Haven't left revolutions often been led by the middle classes?


----------



## el-ahrairah (Feb 24, 2014)

leanderman said:


> Haven't left revolutions often been led by the middle classes?


 
we don't like to talk about that


----------



## CH1 (Feb 24, 2014)

leanderman said:


> It's now all about the 'uber-middle' and the 'cling-on' middles.


I'll to distracted right now to read the articles about this - but I assume this is a re-run on the Brixton gentrification debate writ large.


----------



## boohoo (Feb 24, 2014)

leanderman said:


> Haven't left revolutions often been led by the middle classes?



That was one of the problems of second-wave feminism - middle class women acting as if they were representing all women.


----------



## TruXta (Feb 24, 2014)

CH1 said:


> I'll to distracted right now to read the articles about this - but I assume this is a re-run on the Brixton gentrification debate writ large.


Bingo.


----------



## CH1 (Feb 24, 2014)

leanderman said:


> I turn out to be Rigsby from Rising Damp - middle-lower middle class.


"Basically you're Mrs Overall from Victoria Woods antiques" it told me!

Actually I'd rather be Rigsby - which brings me onto the Urbs' pet topic.
I do have an African lodger in the attic, though he works at Tescos and doesn't have a skeleton - or have aspirations to being a prince.

I never properly adjusted from my student days living in Rusholme in Manchester in poor lodgings (started at £3 per week, gradually rising to £5 per week. No bath, no central heating.

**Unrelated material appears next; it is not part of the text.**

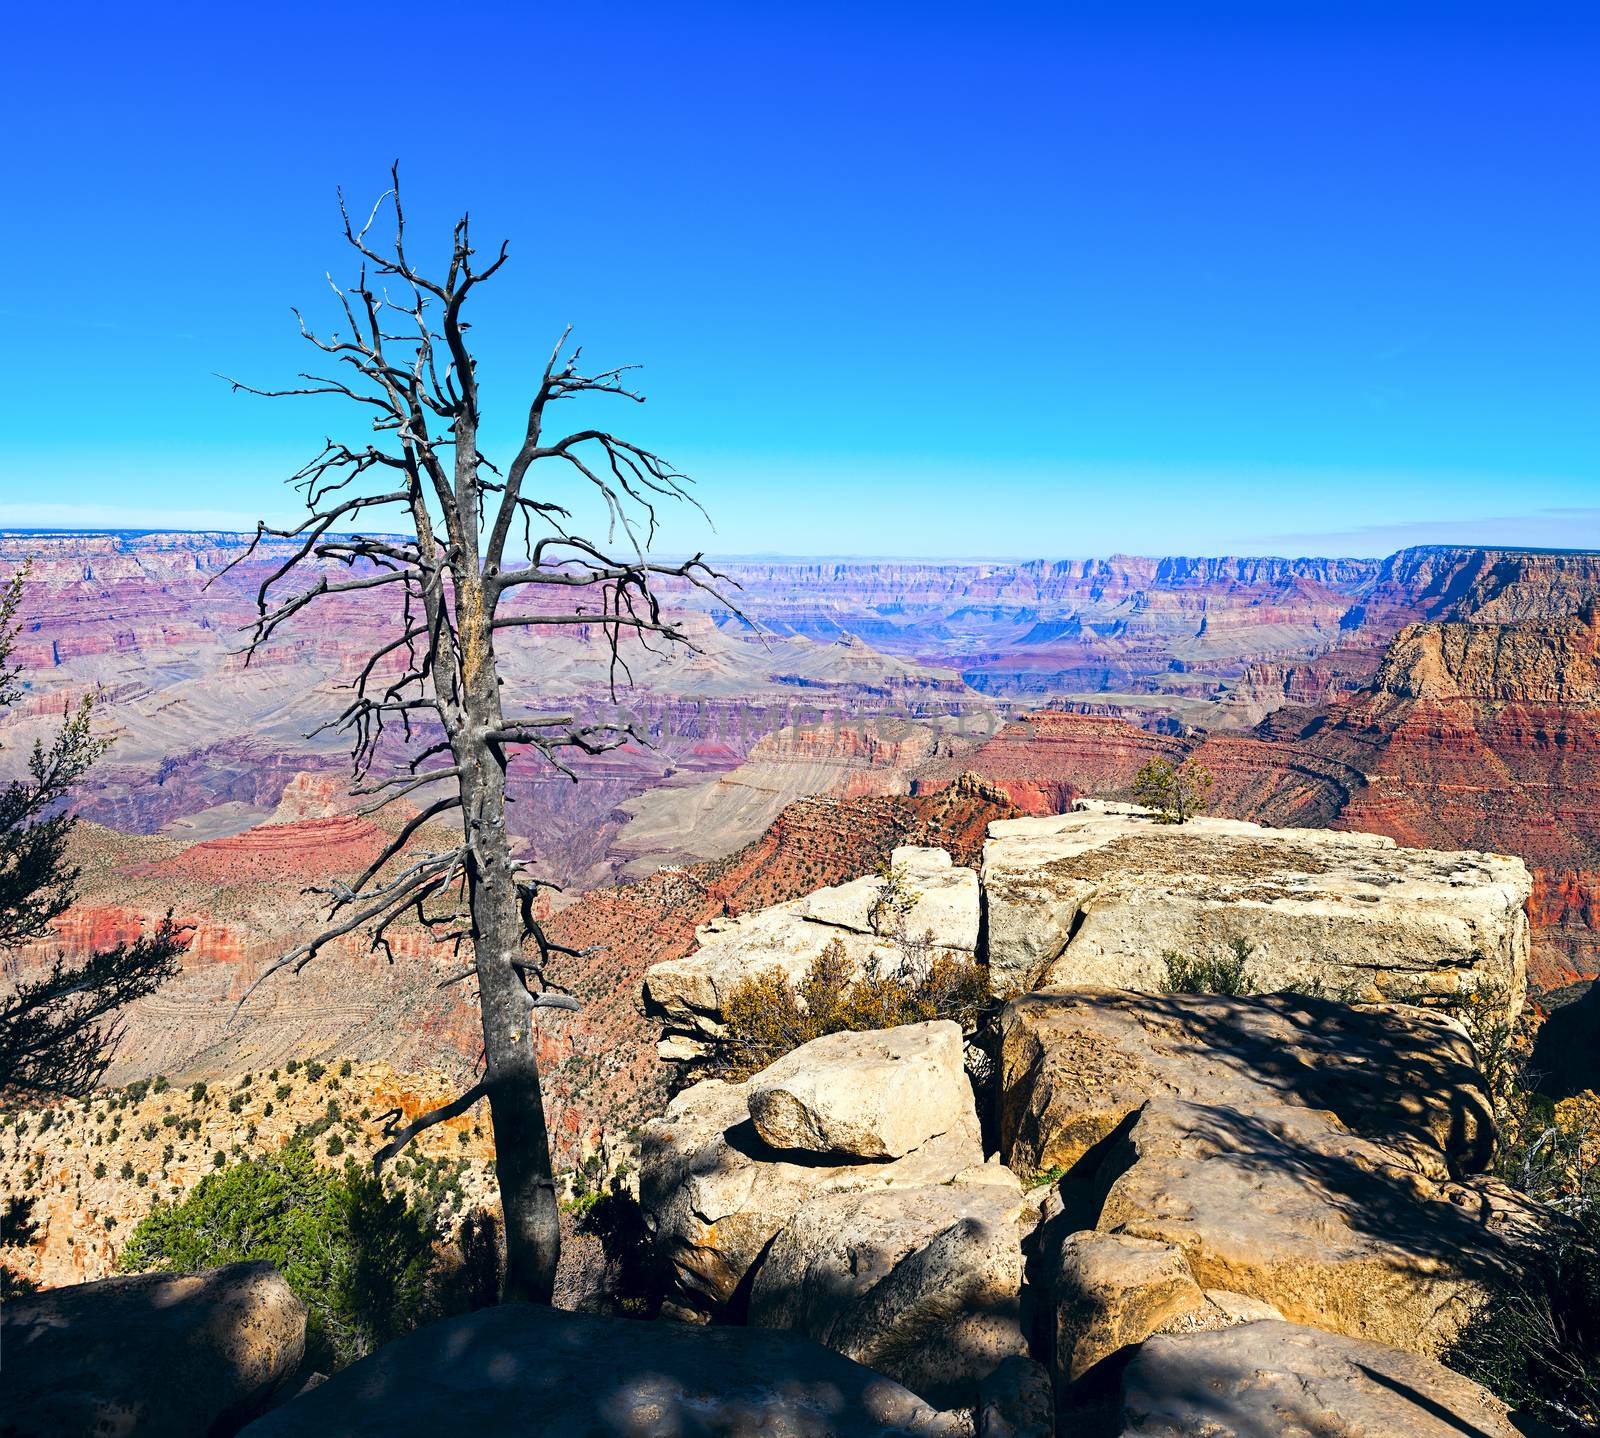 Grand Canyon and old dry tree foreground, Arizona, USA  by vladimir_sklyarov

I charge my lodger £140 per month - increased to that when he ceased to be a student and I had to pay full council tax. He has been here 10 years now, and accepts the place and me as he finds them.

I would willingly take other non-complaining lodgers - but the trend these days is for everyone to demand their own private space and to sue if things are not to their liking, or they are asked to leave.

When I moved here in 1986 I had at one point 5 people (including myself) living here - but it seems to me that the only solution that works long term is if lodgers are prepared to accept being in a quasi-family relationship (in the a good way).

In a way I would think that it would make sense to scrap the council tax and REPLACE it with bedroom tax for all. I would certainly get my finger out and rent out a couple more rooms if I was paying tax on empty rooms!


----------



## Monkeygrinder's Organ (Feb 24, 2014)

leanderman said:


> Haven't left revolutions often been led by the middle classes?


 
Maybe that's why they've mostly been so notably unsuccessful.


----------



## ViolentPanda (Feb 24, 2014)

teuchter said:


> If it's a genocide-based solution then I probably wouldn't be so keen. But as a member of the despised problem class (along with the majority of the regular posters on this thread), I wonder what you'd like us to do differently. Should I never have moved to Brixton? Should I have stayed away from London altogether?



Interesting.  You appear to be saying that you know the class of "the majority of regular posters on this thread", but surely what you actually mean is that you *presume* that you know such a thing?


----------



## ViolentPanda (Feb 24, 2014)

teuchter said:


> By having read it regularly for the past 7 years or so.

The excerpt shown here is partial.